**Problem to work on**
Output all entries verbatim, dropping pictures.

Segment Start: Data to examine

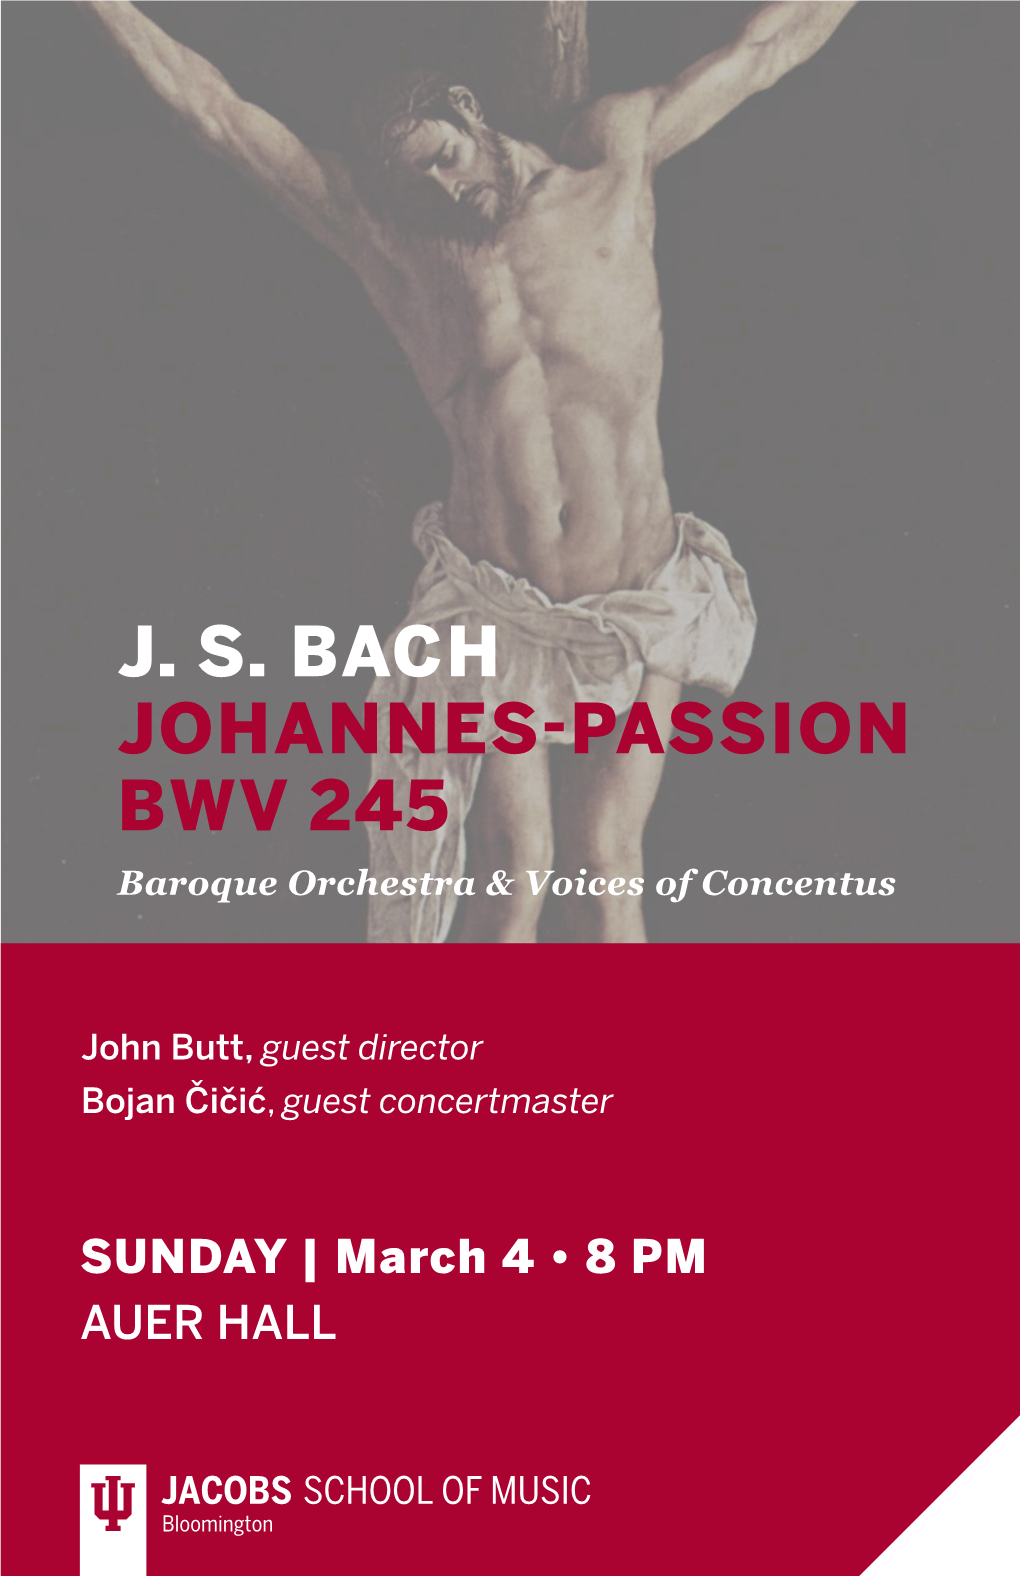 J. S. BACH JOHANNES-PASSION BWV 245 Baroque Orchestra & Voices of Concentus
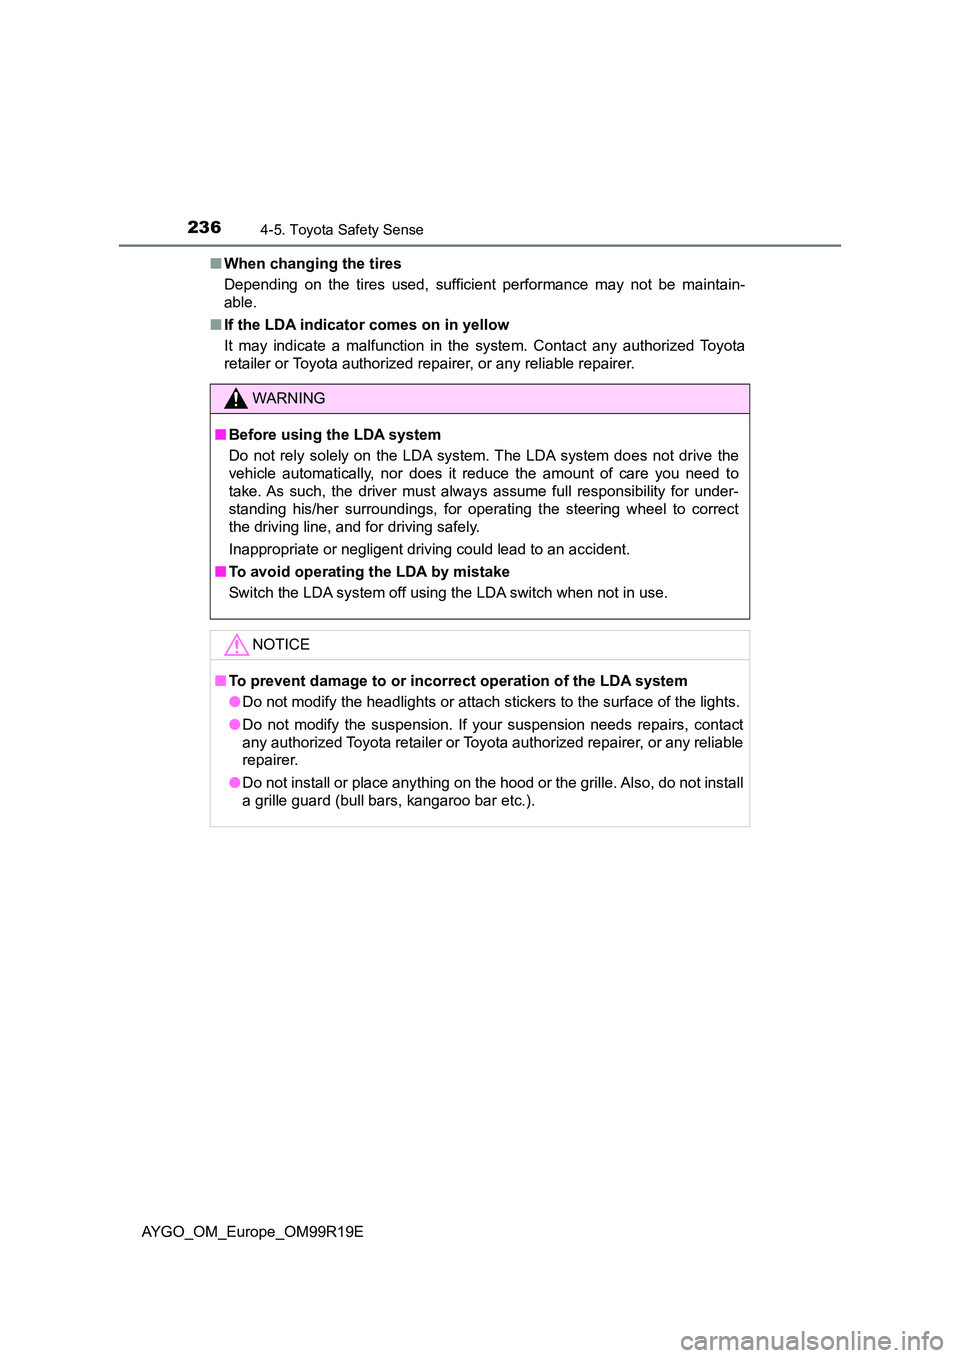 TOYOTA AYGO 2019  Owners Manual (in English) 2364-5. Toyota Safety Sense
AYGO_OM_Europe_OM99R19E 
■ When changing the tires 
Depending on the tires used, sufficient performance may not be maintain- 
able. 
■ If the LDA indicator comes on in 
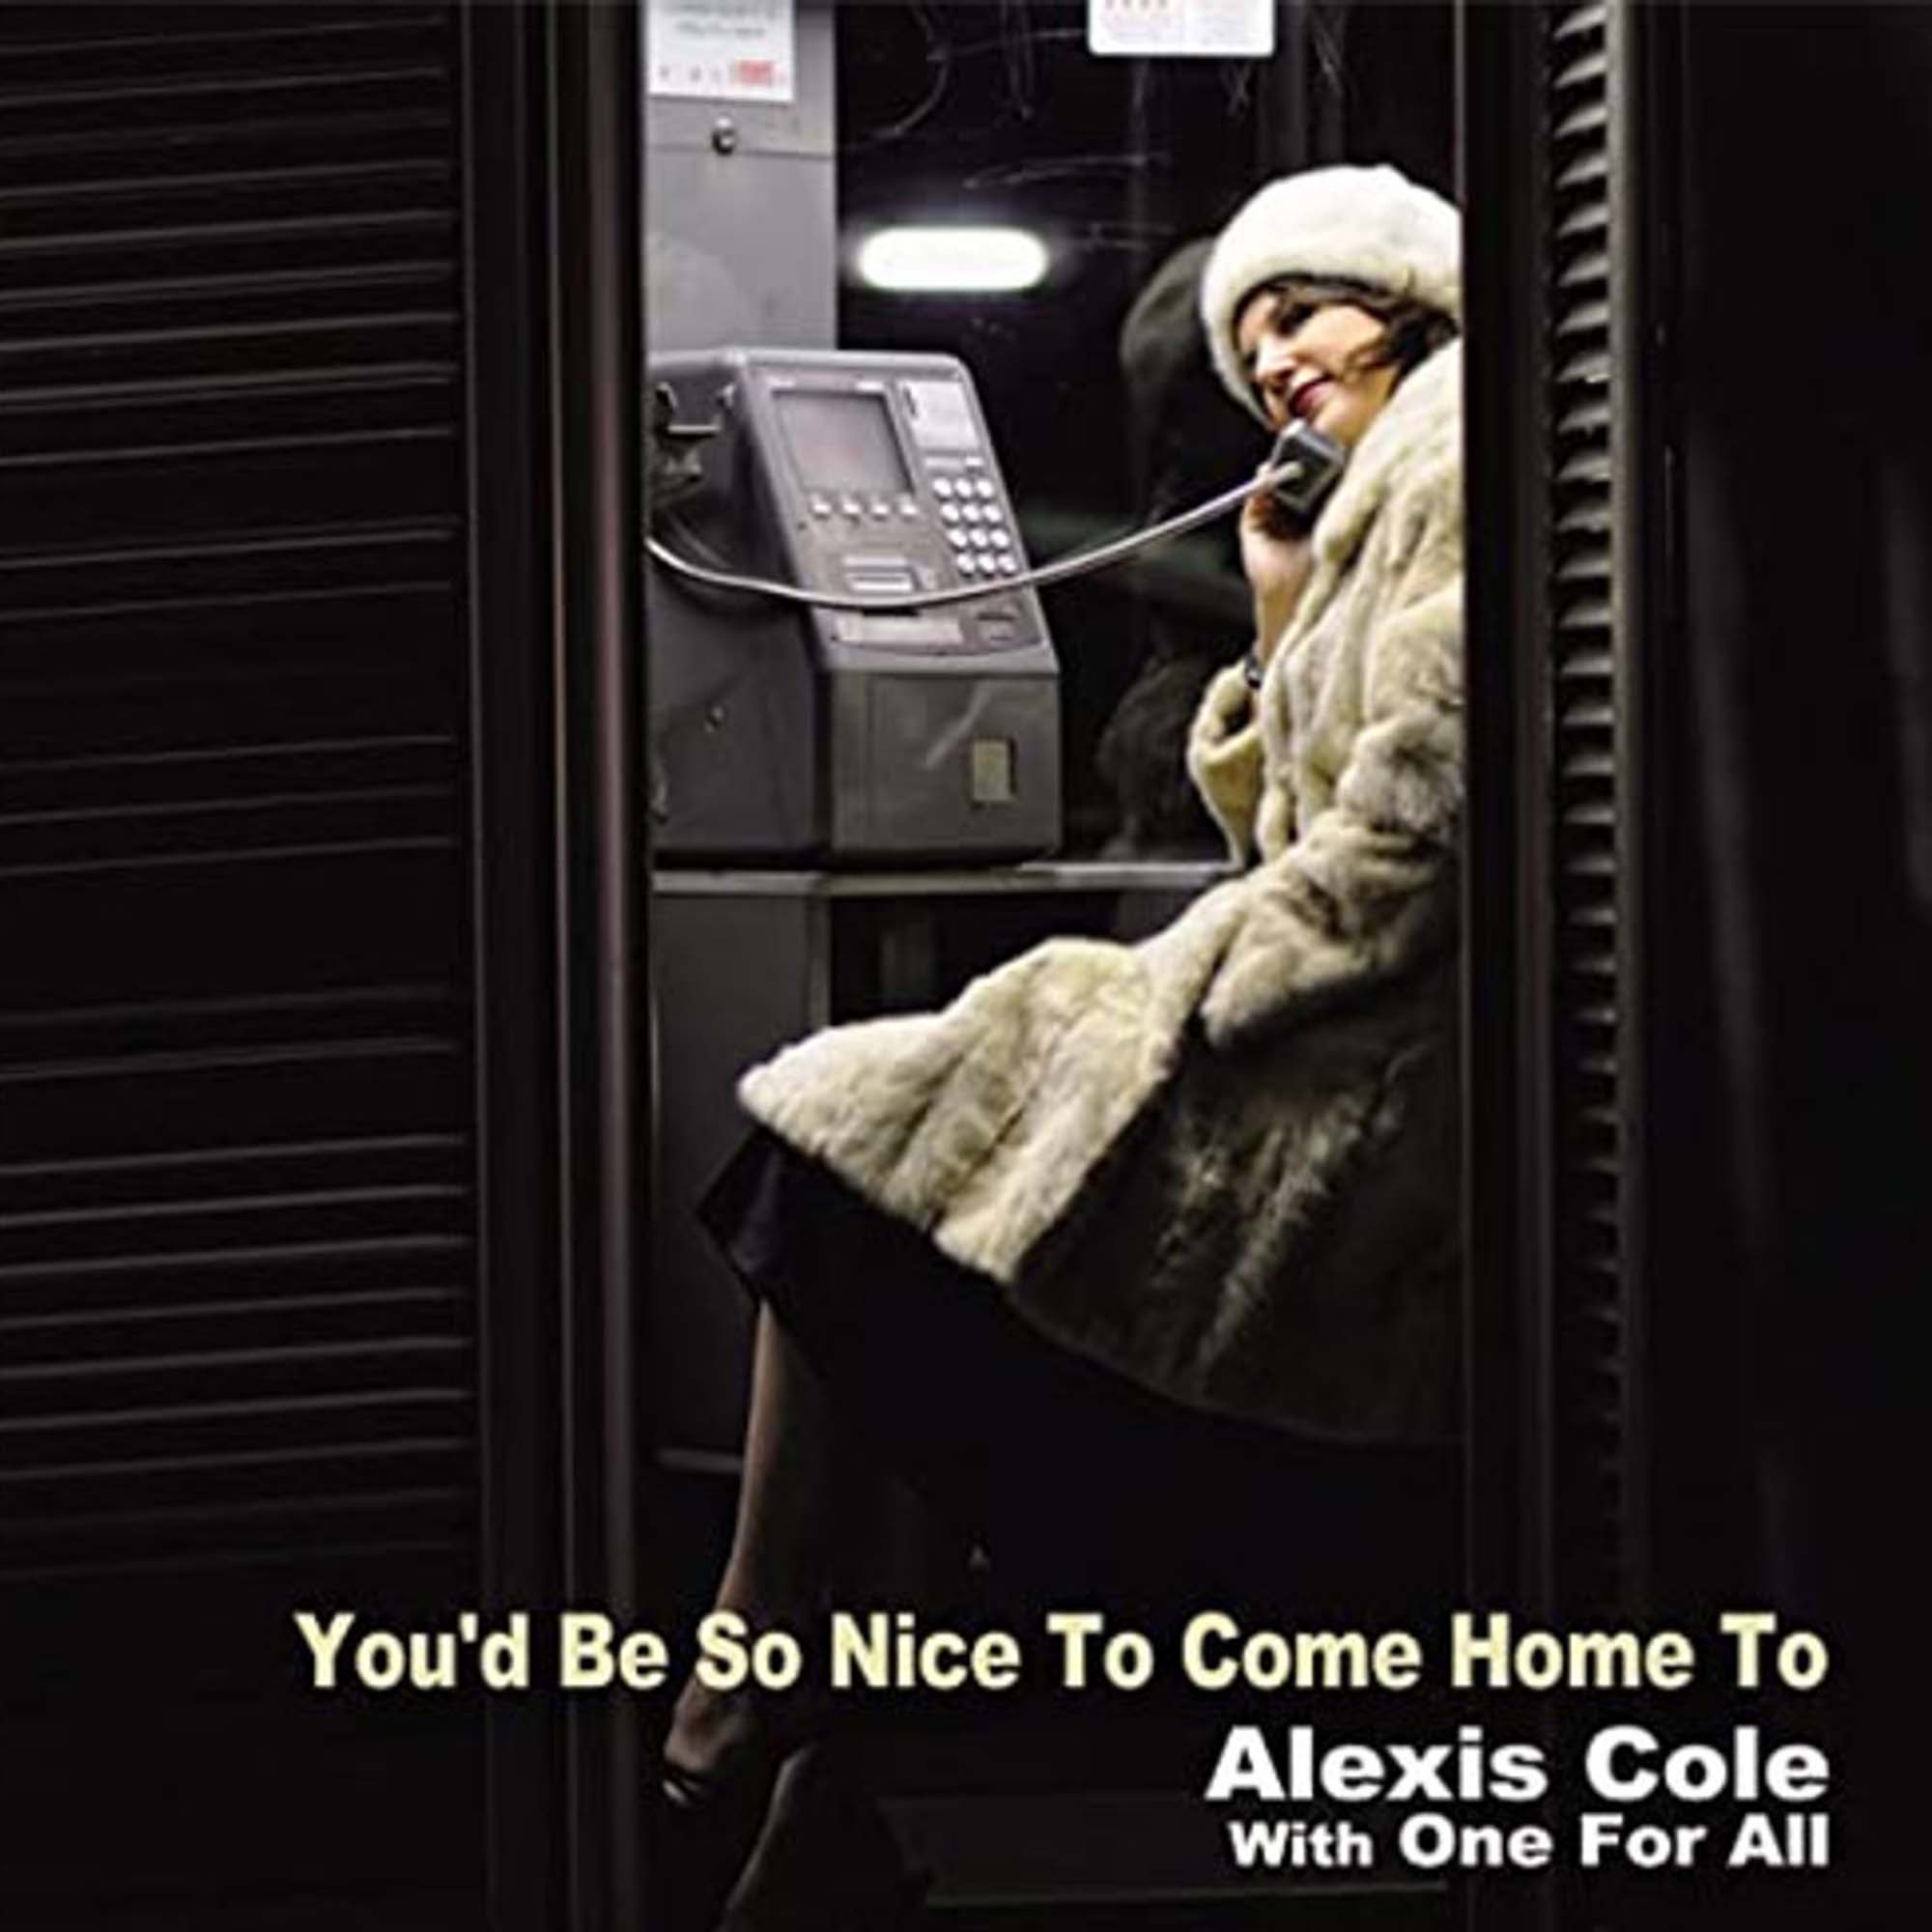 The cheapest tickets to the homecoming. Alexis Cole. You'd be so nice to come Home. Alexis Cole - Dazzling Blue. Venus record.

Segment End: Data to examine

**Result for this exercise**
 J. S. BACH JOHANNES-PASSION BWV 245 Baroque Orchestra & Voices of Concentus
 TOYOTA AYGO 2019  Owners Manual (in English) 2364-5. Toyota Safety Sense
AYGO_OM_Europe_OM99R19E 
■ When changing the tires 
Depending on the tires used, sufficient performance may not be maintain- 
able. 
■ If the LDA indicator comes on in 
 The cheapest tickets to the homecoming. Alexis Cole. You'd be so nice to come Home. Alexis Cole - Dazzling Blue. Venus record.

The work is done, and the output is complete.